### DATA PROVIDED
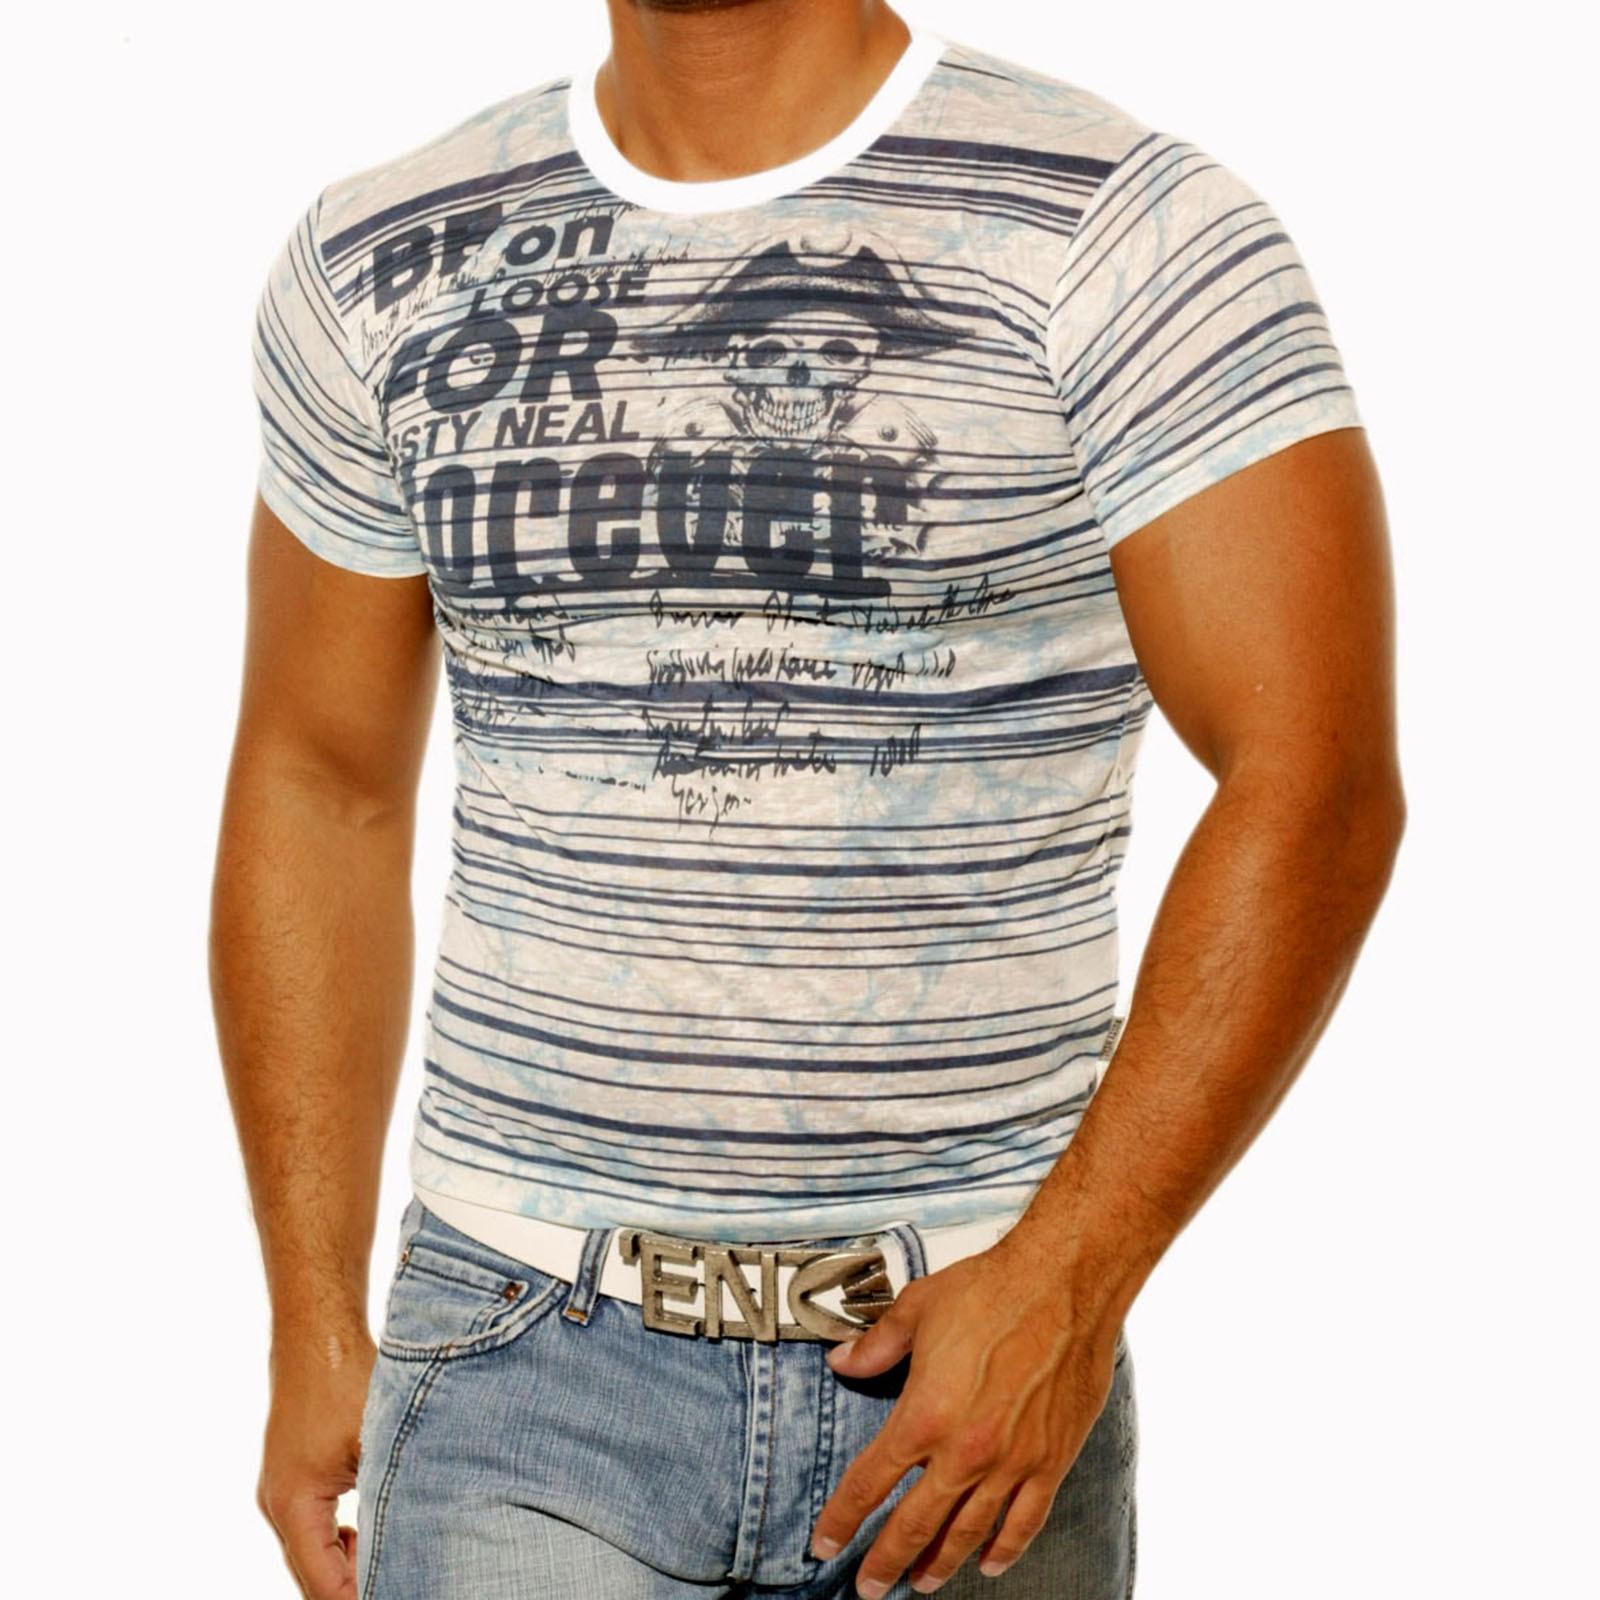 T-Shirt 500 Rusty Neal
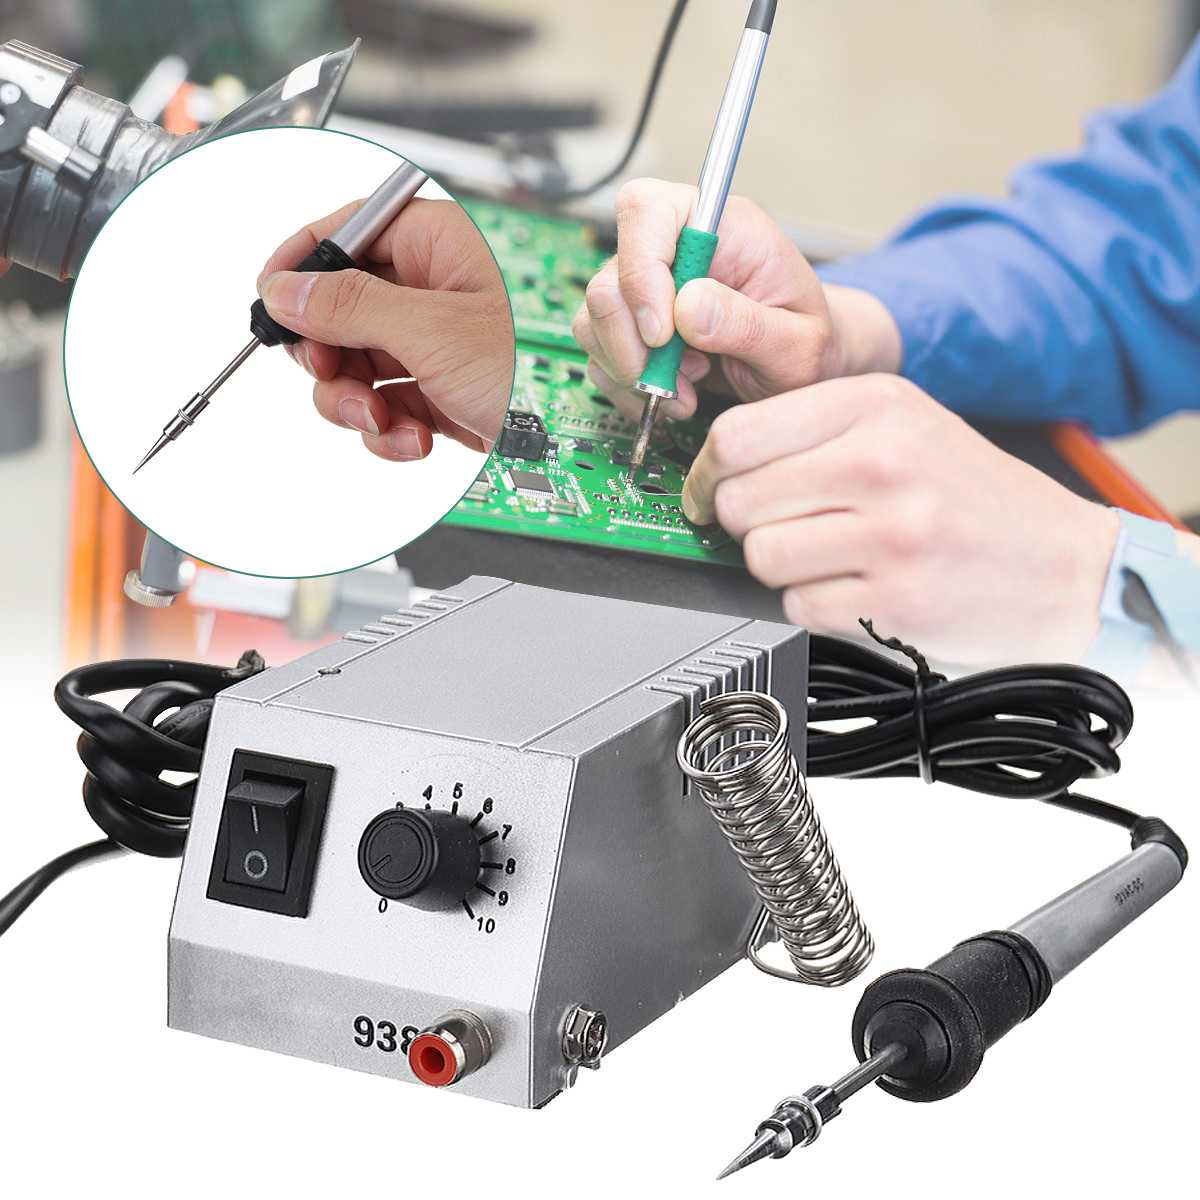 Mini Solder 2-in-1 SMD Soldering Station 12V Digital Display Rework Solder Station And Electric Soldering Iron  110V/220V
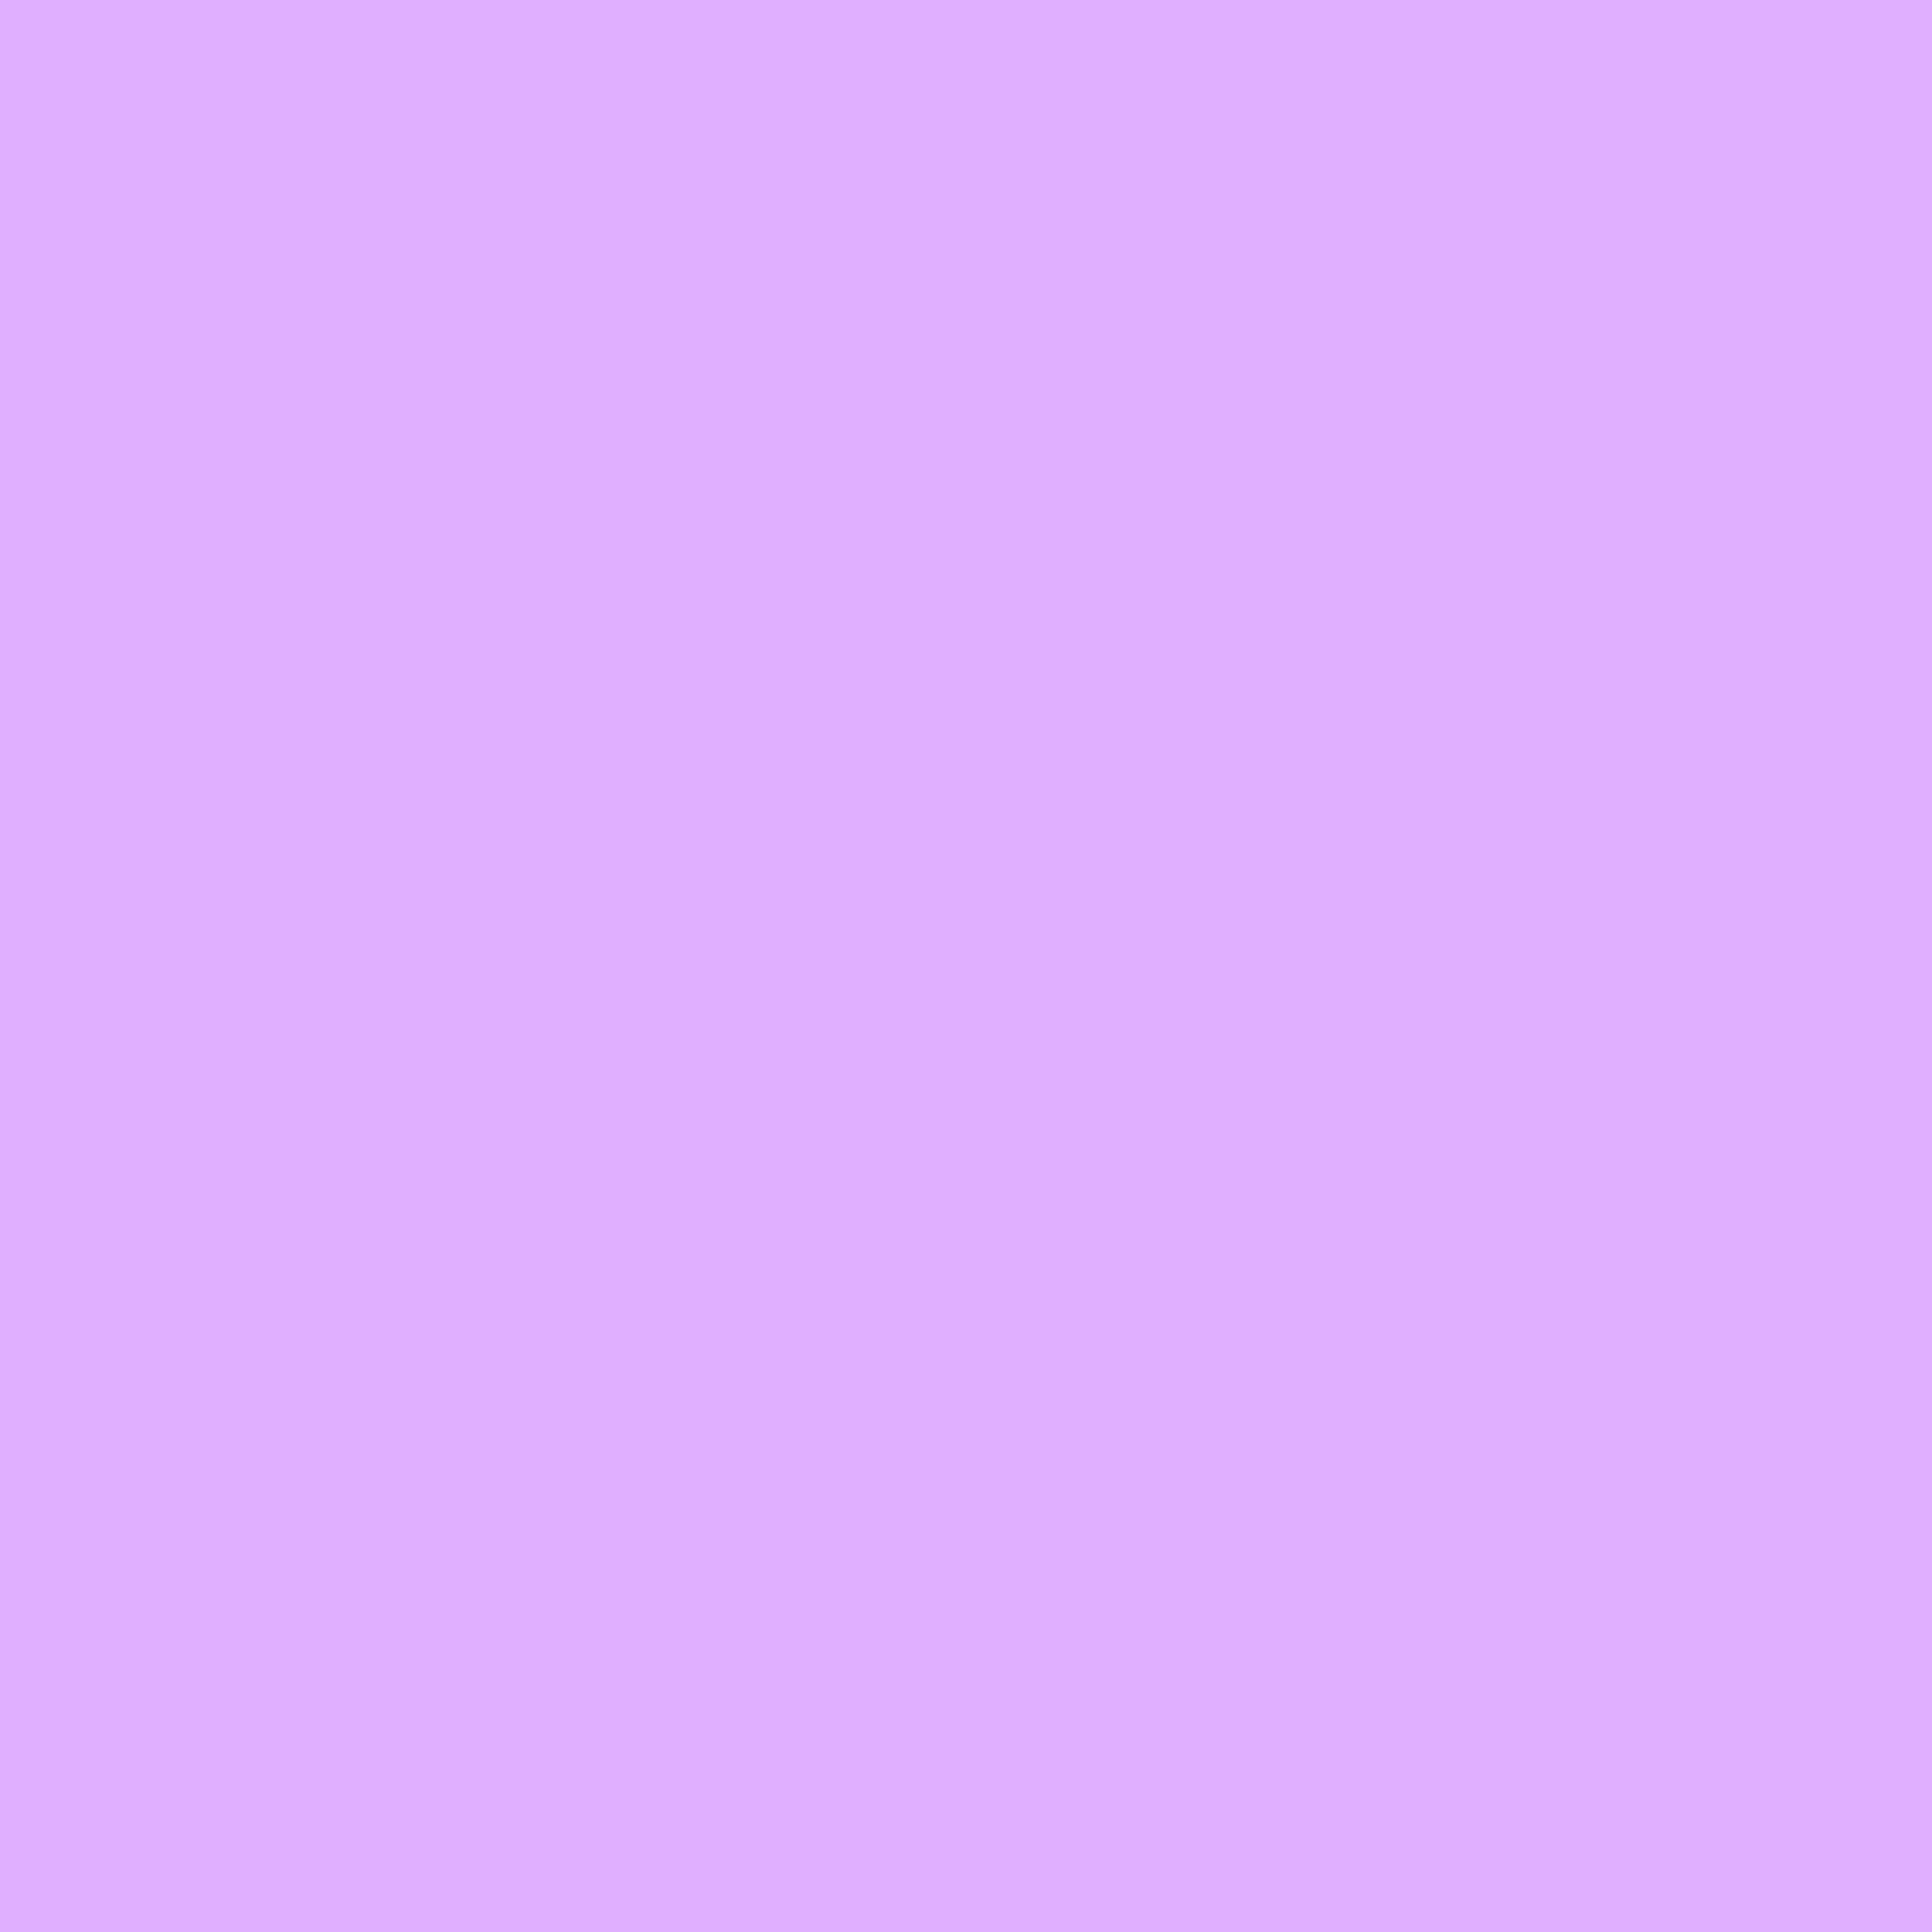 2732x2732 Mauve Solid Color Background
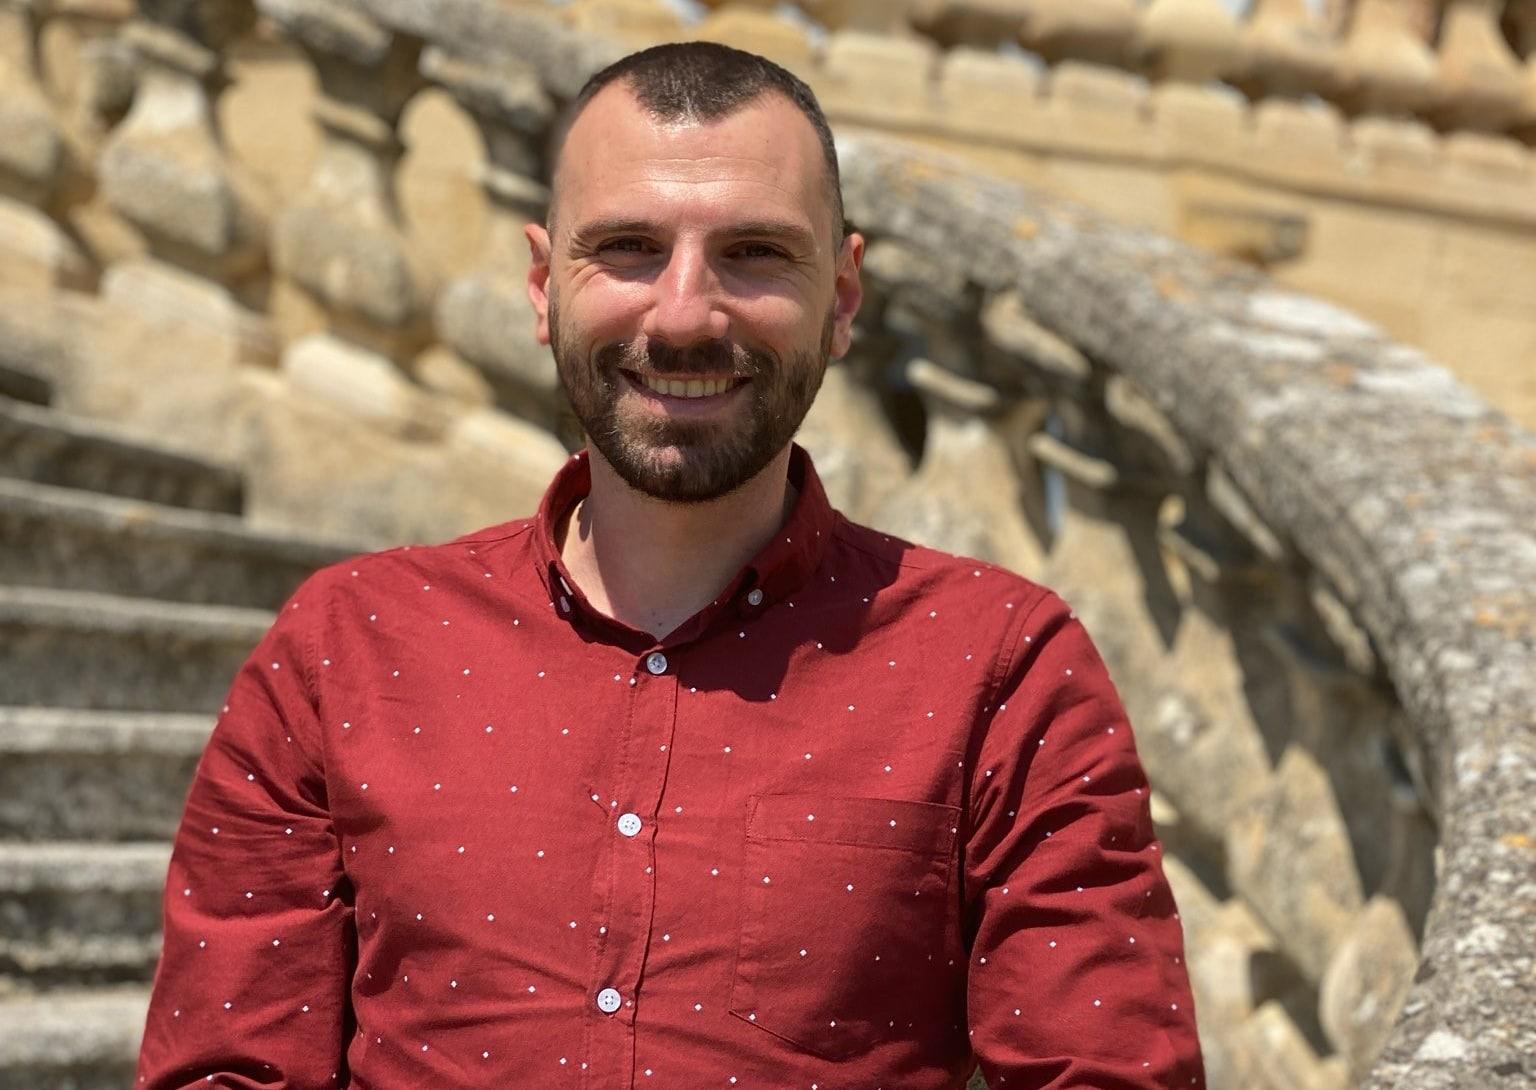 Guillaume, chargé de communication au Rocher Mistral, au château de La Barben en Provence. Originaire de Pelissanne, il gère la communication 360 du parc.

### REQUIREMENT
Make an exact copy of the listing. Do not carry over its pictures.

### SOLUTION FOR THIS EXERCISE
 T-Shirt 500 Rusty Neal
 Mini Solder 2-in-1 SMD Soldering Station 12V Digital Display Rework Solder Station And Electric Soldering Iron  110V/220V
 2732x2732 Mauve Solid Color Background
 Guillaume, chargé de communication au Rocher Mistral, au château de La Barben en Provence. Originaire de Pelissanne, il gère la communication 360 du parc.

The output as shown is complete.